Continuous-Time Models in Kernel Smoothing

Martin Sköld

Centre for Mathematical Sciences
Mathematical Statistics
Lund University,
1999

ISBN 91-628-3812-1
LUNFMS--1009--1999


Abstract:
This thesis consists of five papers (Papers A-E) treating problems in non-parametric statistics, especially methods of kernel smoothing applied to density estimation for stochastic processes (Papers A-D) and regression analysis (Paper E).
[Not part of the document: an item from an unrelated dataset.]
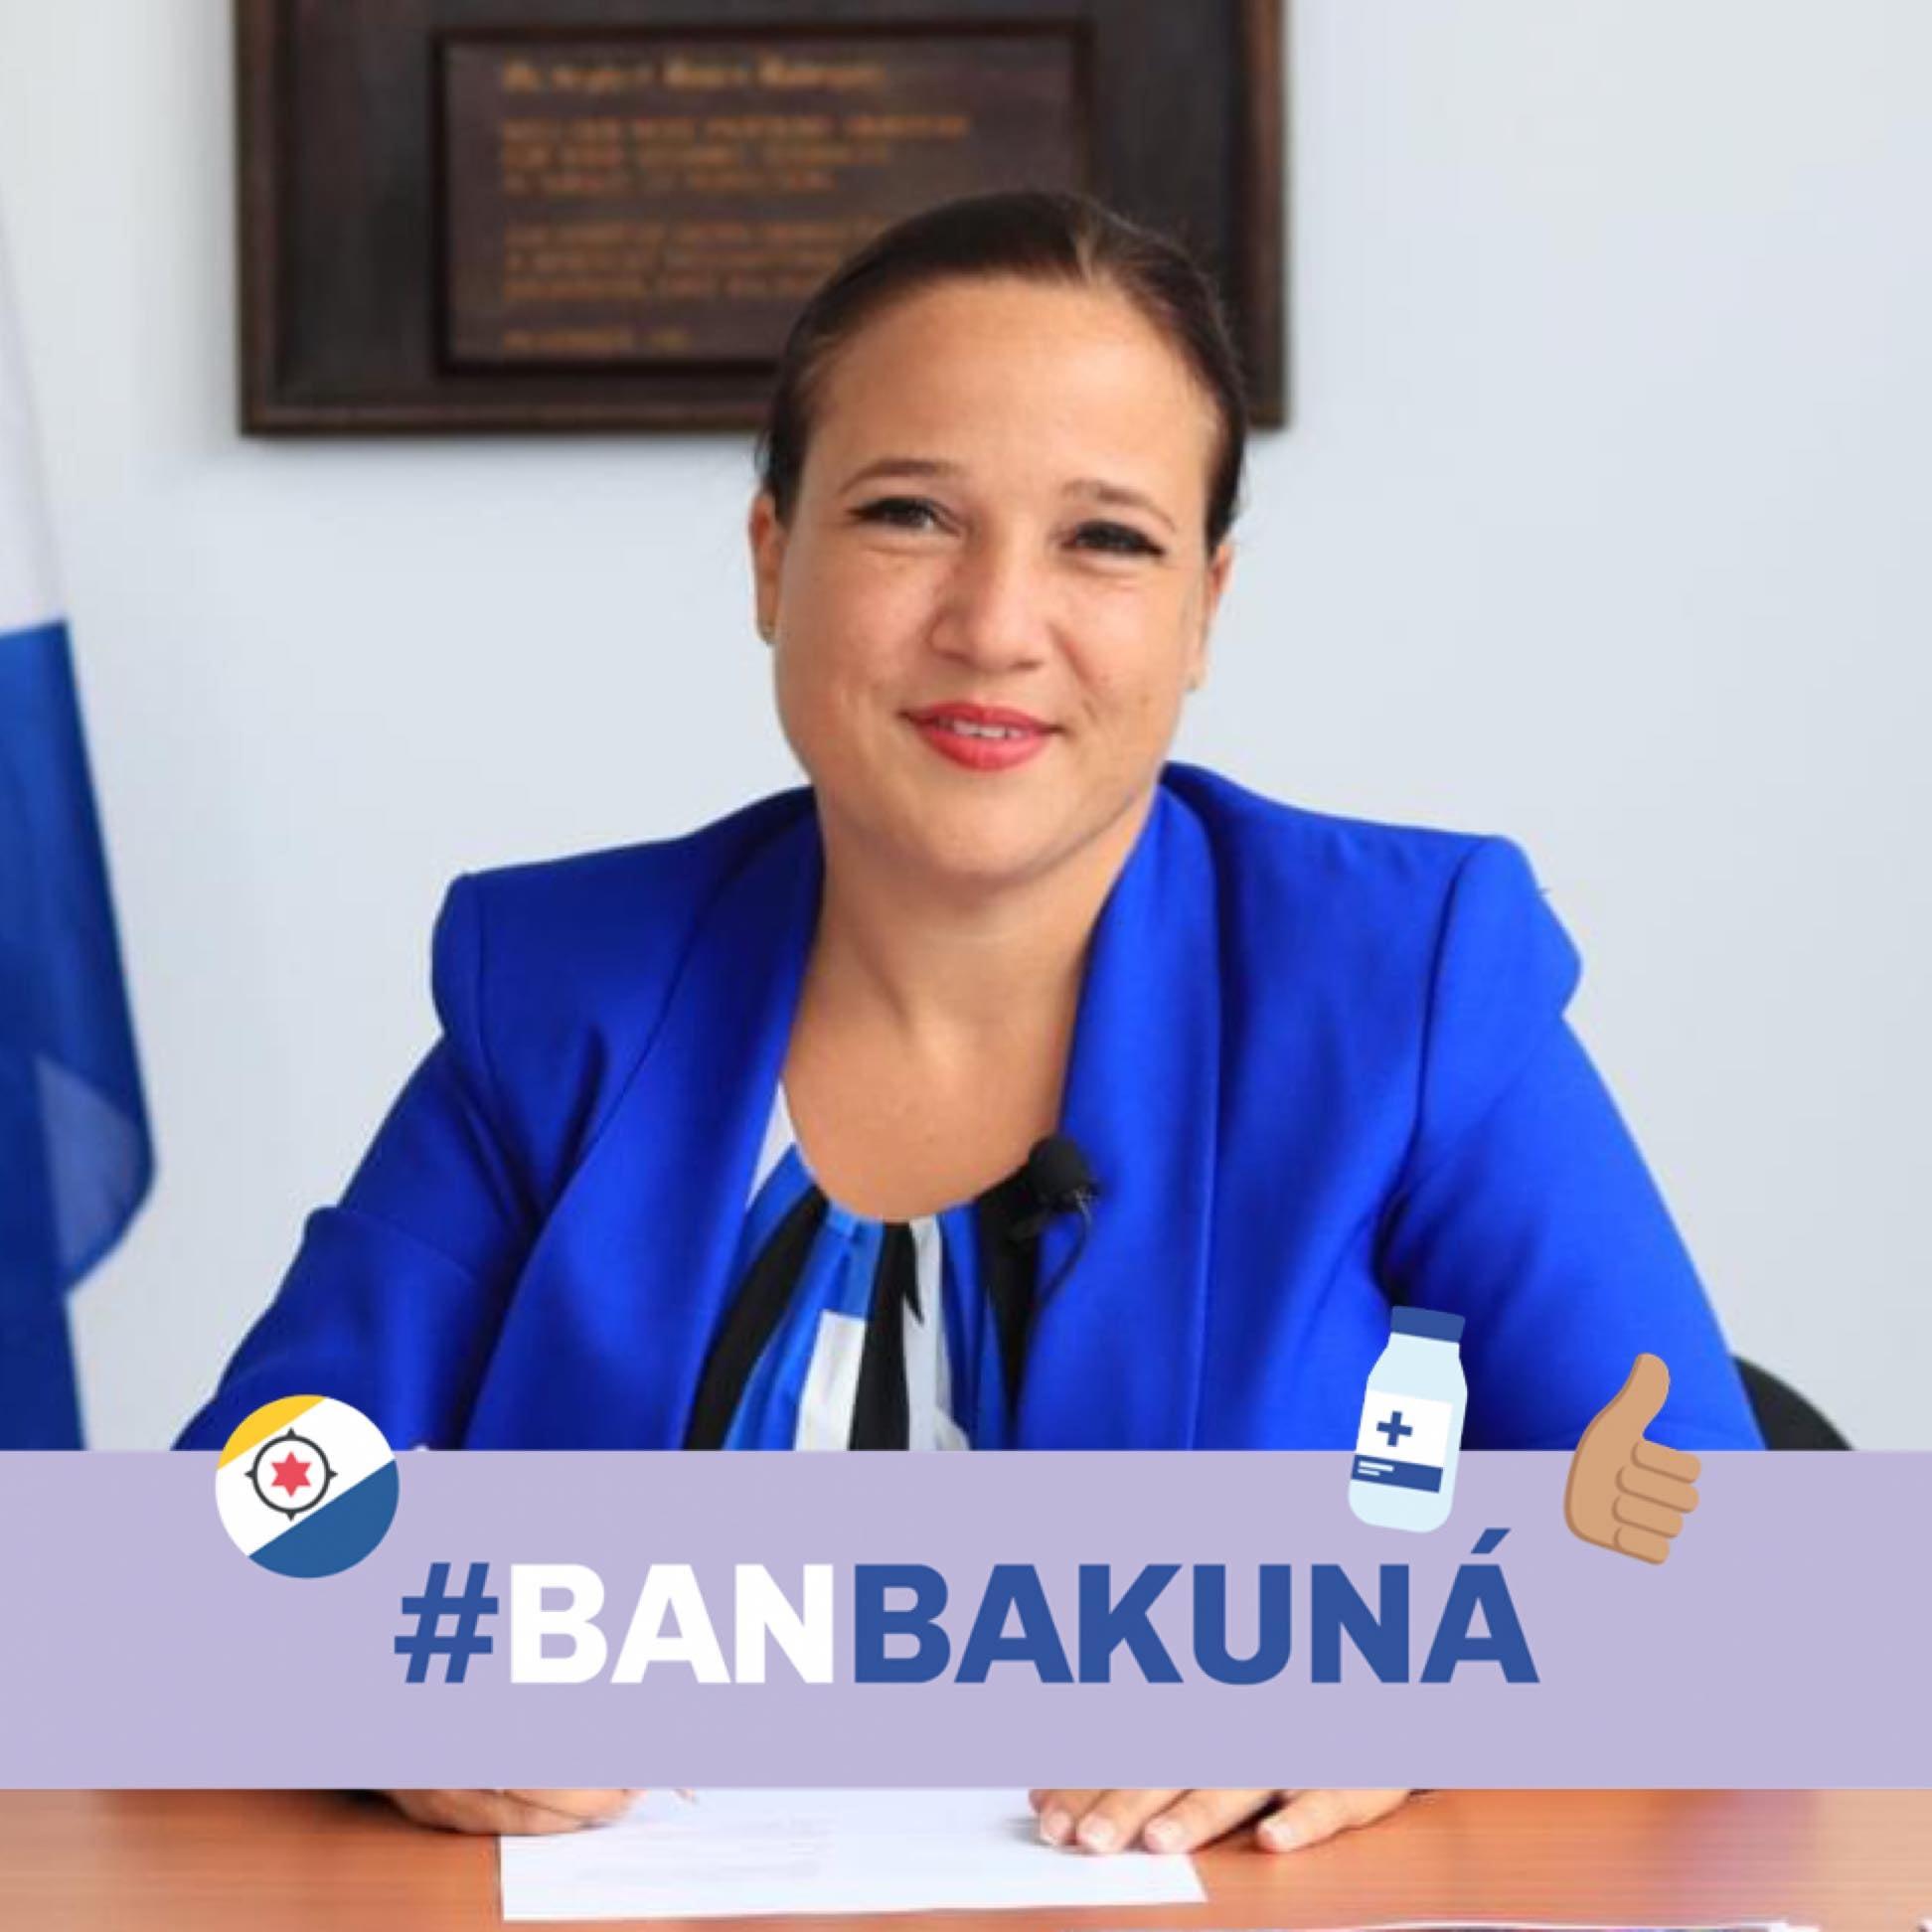 #BANBAKUNÁ I #BONBAKUNÁ AWOR KOMO KUADRO PA PROFILE PIC RIBA FACEBOOK

A recurrent theme is to, instead of treating highly positively correlated data as "asymptotically independent", take advantage of local dependence structures by using continuous-time models.
In Papers A and B we derive expressions for the asymptotic variance of the kernel density estimator of continuous-time multivariate stationary process and relate convergence rates to the local character of the sample paths. This is in Paper B applied to automatic selection of smoothing parameter of the estimators. In Paper C we study a continuous-time version of a least-squares cross-validation approach to selecting smoothing parameter, and the impact the dependence structure of data has on the algorithm.  A correction factor is introduced to improve the methods performance for dependent data. Papers D and E treat two statistical inverse problems where the interesting data are not directly observable. In Paper D we consider the problem of estimating the density of a stochastic process from noisy observations. We introduce a method of smoothing the errors and show that by a suitably chosen sampling scheme the convergence rate of independent data methods can be improved upon. Finally in Paper E we treat a problem of non-parametric regression analysis when data is sampled with a size-bias. Our method covers a wider range of practical situations than previously studied methods and by viewing the problem as a locally weighted least-squares regression problem, extensions to higher order polynomial estimators are straightforward.
Key words:
Density estimation, kernel smoothing, asymptotic variance, bandwidth selection, dependent data, continuous time, errors-in-variables, deconvolution, size bias.